И тут, покраснев, Солженицын встал, в три шага пересек комнату и размашисто (чуть не задевая за книжные полки) показал, где висел портрет Сталина в кабинете следователя. Аркадий закивал. Портрет висел именно там.
На канцелярском столе следователя виднелся стеклянный графин, пробкой от которого арестованного били в зубы. В углу стоял несгораемый шкаф с массивной ручкой. Кто-то на грубом табурете сидел перед шкафом. Его били в лицо. Человек инстинктивно отдергивался назад и ударялся затылком о железную ручку. Следователь, бледный от усердия, ударял еще раз. Стены кабинета были серые, с пятнами чего-то рыжего. Смутно вырисовывался пятый угол.

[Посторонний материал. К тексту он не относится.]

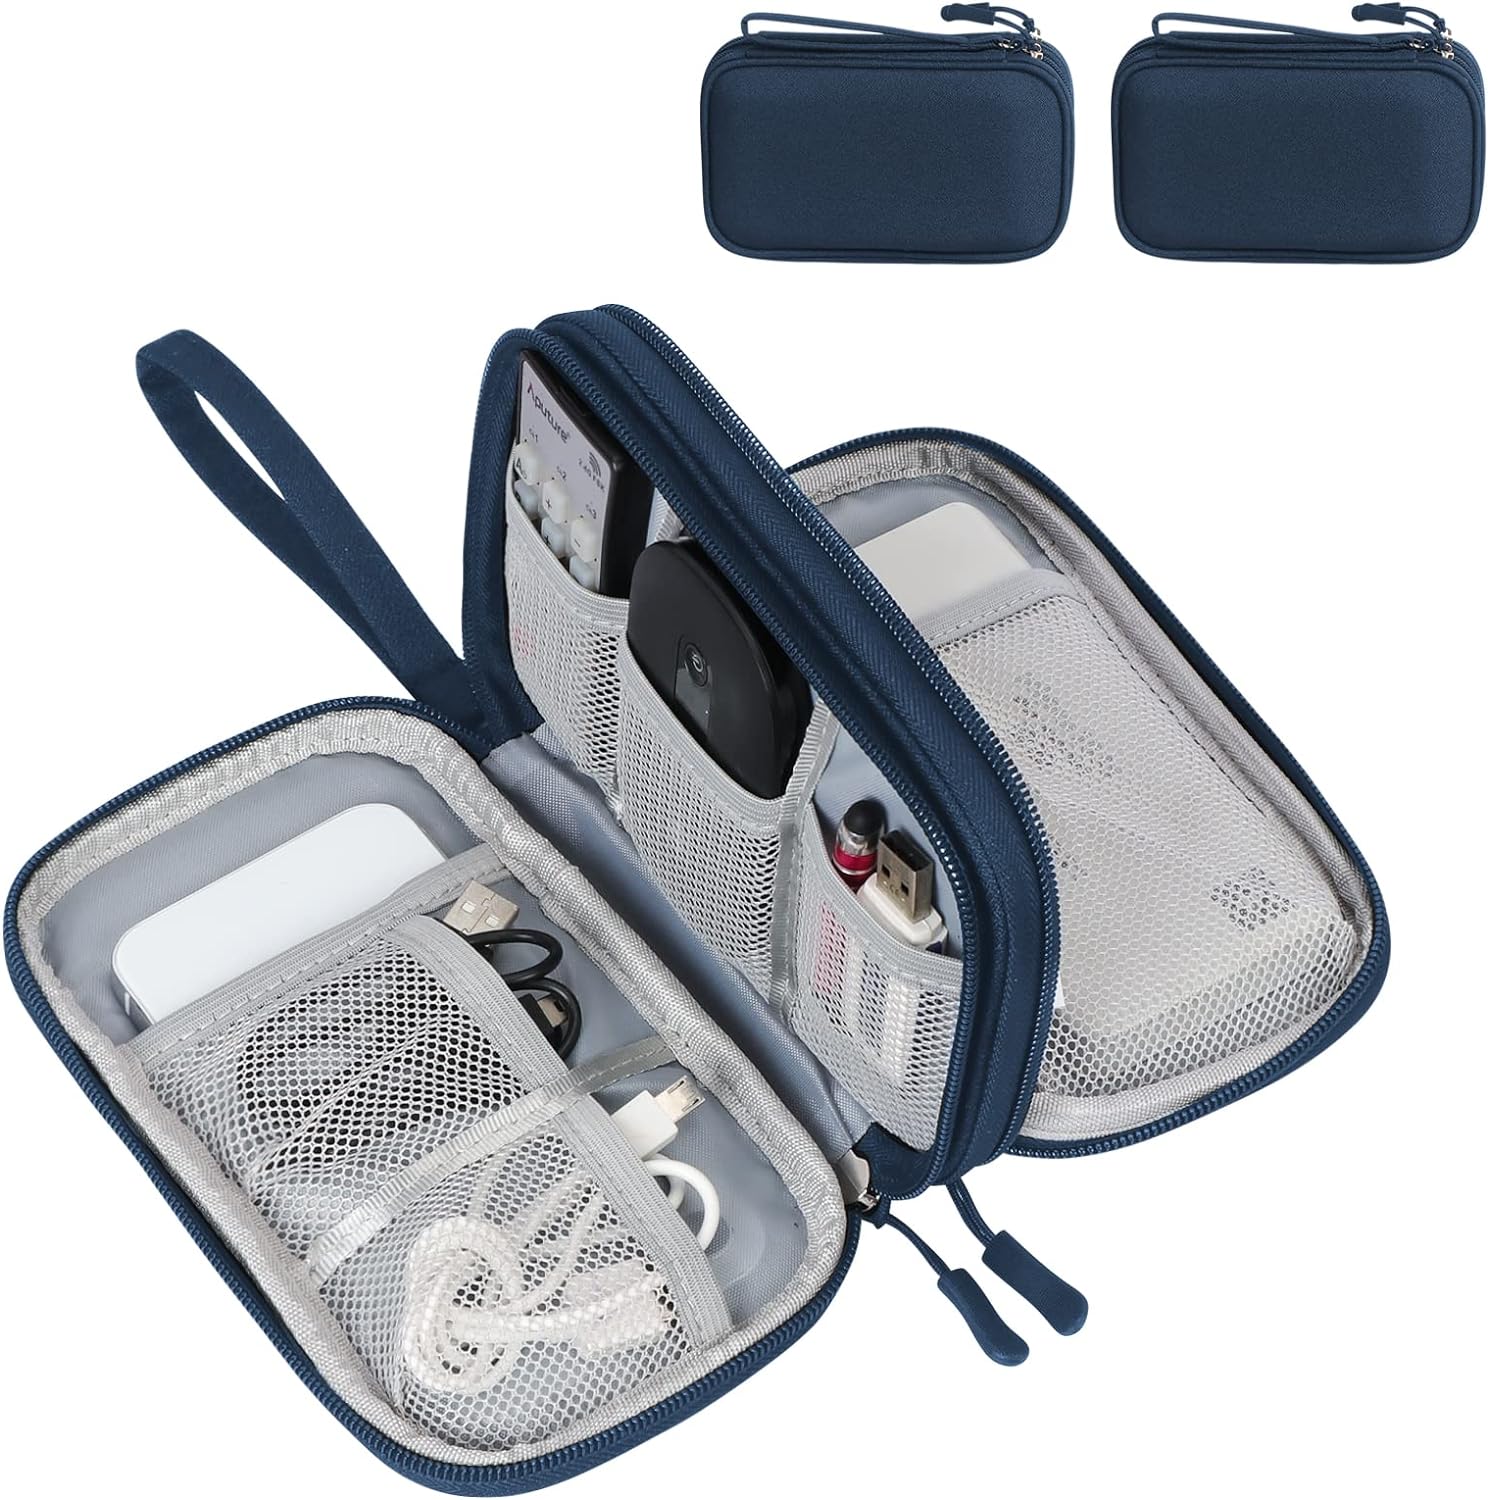 Portable Waterproof Double Layers Storage Bag para sa Cable, Charger, Atbp.

С каким-то веселым возбуждением оба, хозяин и гость, убедились, что были в одном и том же лагере, и стало ясно, почему все так похоже: и термометр висел на столбе, и не было видно в седоватой изморози, сколько градусов он показывает, только мерзли ноги и мороз колол в шею между бушлатом и телогрейкой, и слышно было, как остервенело лаяли собаки на ветру.
Им не довелось встретиться в том лагере, потому что там от Балхаша до Акмолинска расстояние такое же, как от Гавра до Марселя.
Теперь же, оказавшись в знакомой лагерной обстановке, они спешили расспросить друг друга о том, что пропустили, торопились поделиться опытом, как будто он опять мог им пригодиться. Особенным даром расспрашивания отличался Солженицын. Никакой бумажки в его руках не было, но свои 1, 2, 3, 4 он задавал очень последовательно. Казалось, что перед вами строительный рабочий, которому, как и его Ивану Денисовичу, необходим вот именно этот кирпич и вот именно сейчас. И вы готовно и охотно отдавали ему и ваши сокровенные мысли, и ваши мимолетные чувства. Мы не знали тогда, что эти кирпичи ему были нужны для «Архипелага ГУЛаг» и что Аркадий увидел бы там и свое отражение. Но он не увидел и другого отражения в «Двести лет вместе».